Now, with all that said, some things you buy, your cat may or may not love. So it'll be pretty much up to your cats, with maybe some negotiating on your end on finding the right food they'll eat and something that's good for them, too. Many of us struggle with this. If your kitties are young, they're more likely be open to the new, healthier food you're trying to offer.

Going grain-free is a wonderful start, but if you can, for your obligate carnivore kitties, you want to go towards a high protein, moderate fat (for satiety), low carb (under 10%) diet that doesn't contain mainly fish, glutens, or ethoxyquin, menadione, or unspecified meats like by-product meals. Howsefrau has also given some good advice about avoiding those foods with gravy. Gravies indicate more starches in there. If your cats like gravy, buy the pate version and add some warm water to make your own 'gravy'. Many do this for our cats who don't take in a lot of water to begin with.

Hope this helps you some, good luck!

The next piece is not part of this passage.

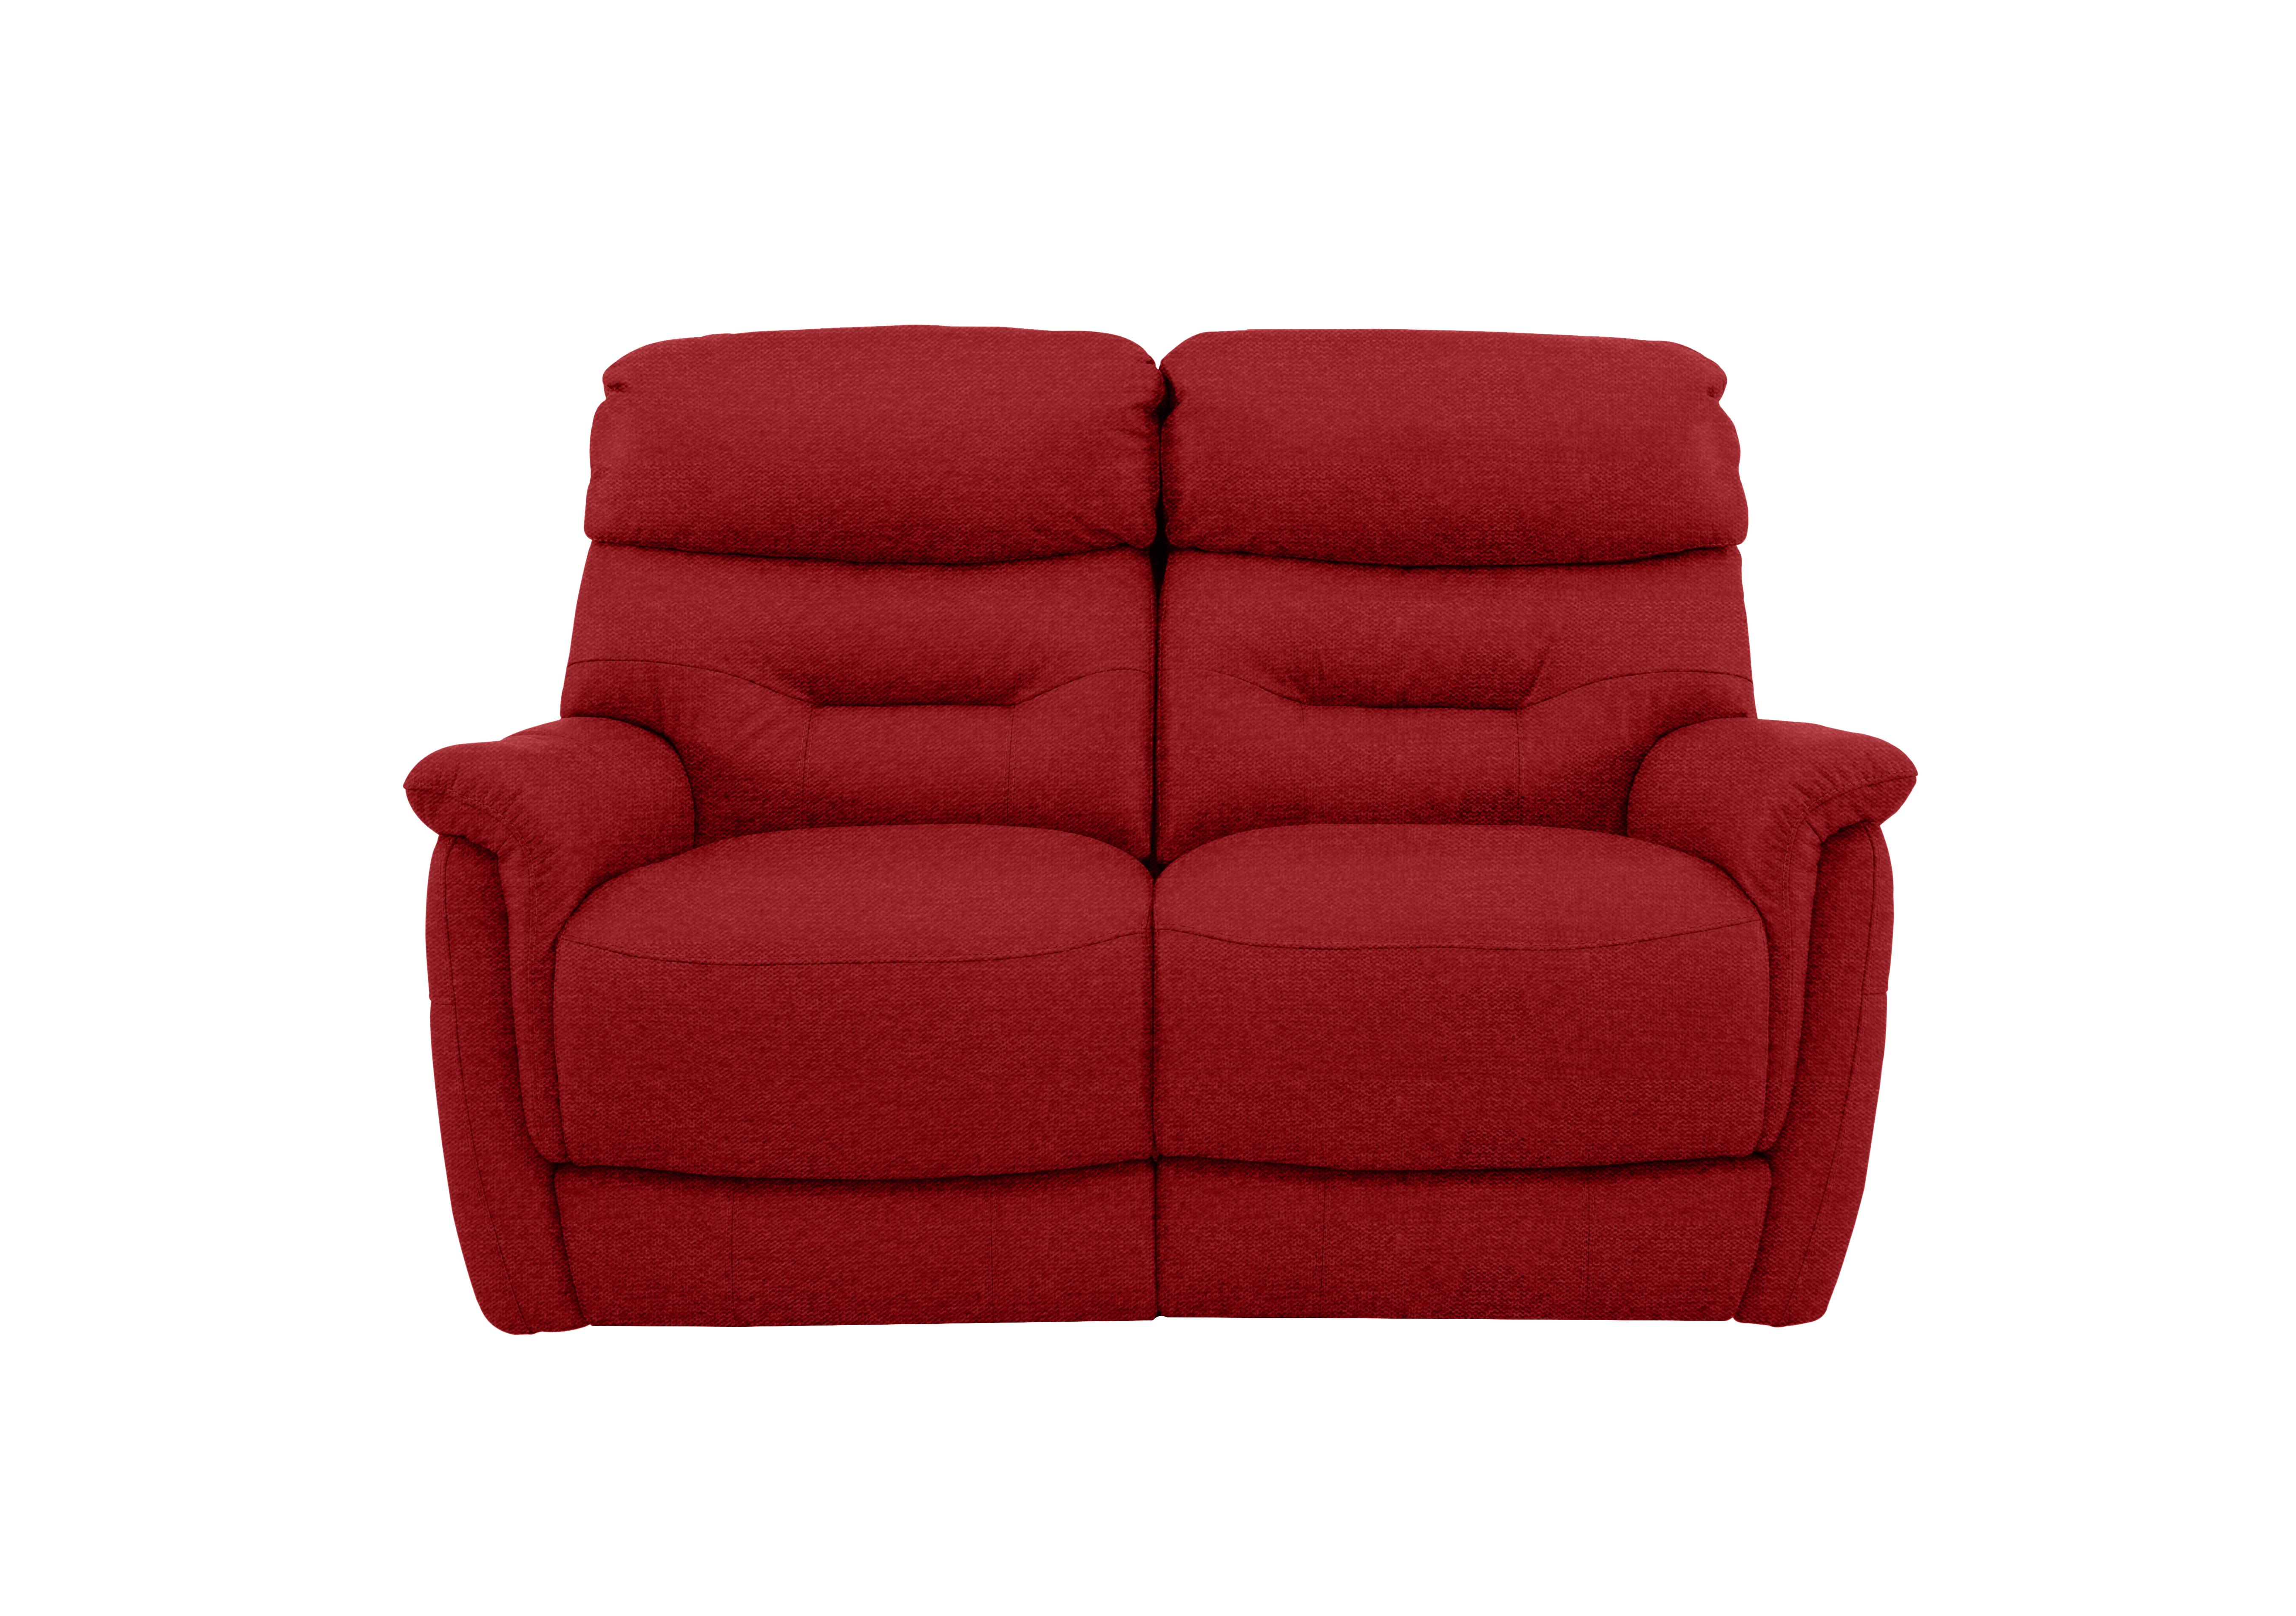 Chicago 2 Seater Fabric Sofa in Fab-Blt-R29 Red on Furniture Village

Oh gosh, I realized how terribly long this is. Sorry about that.


----------



## doodlebug (May 13, 2006)

Purina fish has ethoxyquin...a very controversial ingredient. I'd avoid it.


----------



## ina1032 (Jan 28, 2015)

Wow, really great information! Thank you! I will be doing more research on this.


----------



## TabbCatt (Mar 26, 2014)

Doodlebug... how can one tell if there's ethoxyquin in there? I think I read in Susan Thixton's site about how some manufacturers conveniently leave out the fact there _is_ that "e" ingredient in there because their _supplier_ is the one who adds it in, not them, so therefore it's not listed on the label!! What kind of trickery is that!? I assume Purina falls in that category? Grrr.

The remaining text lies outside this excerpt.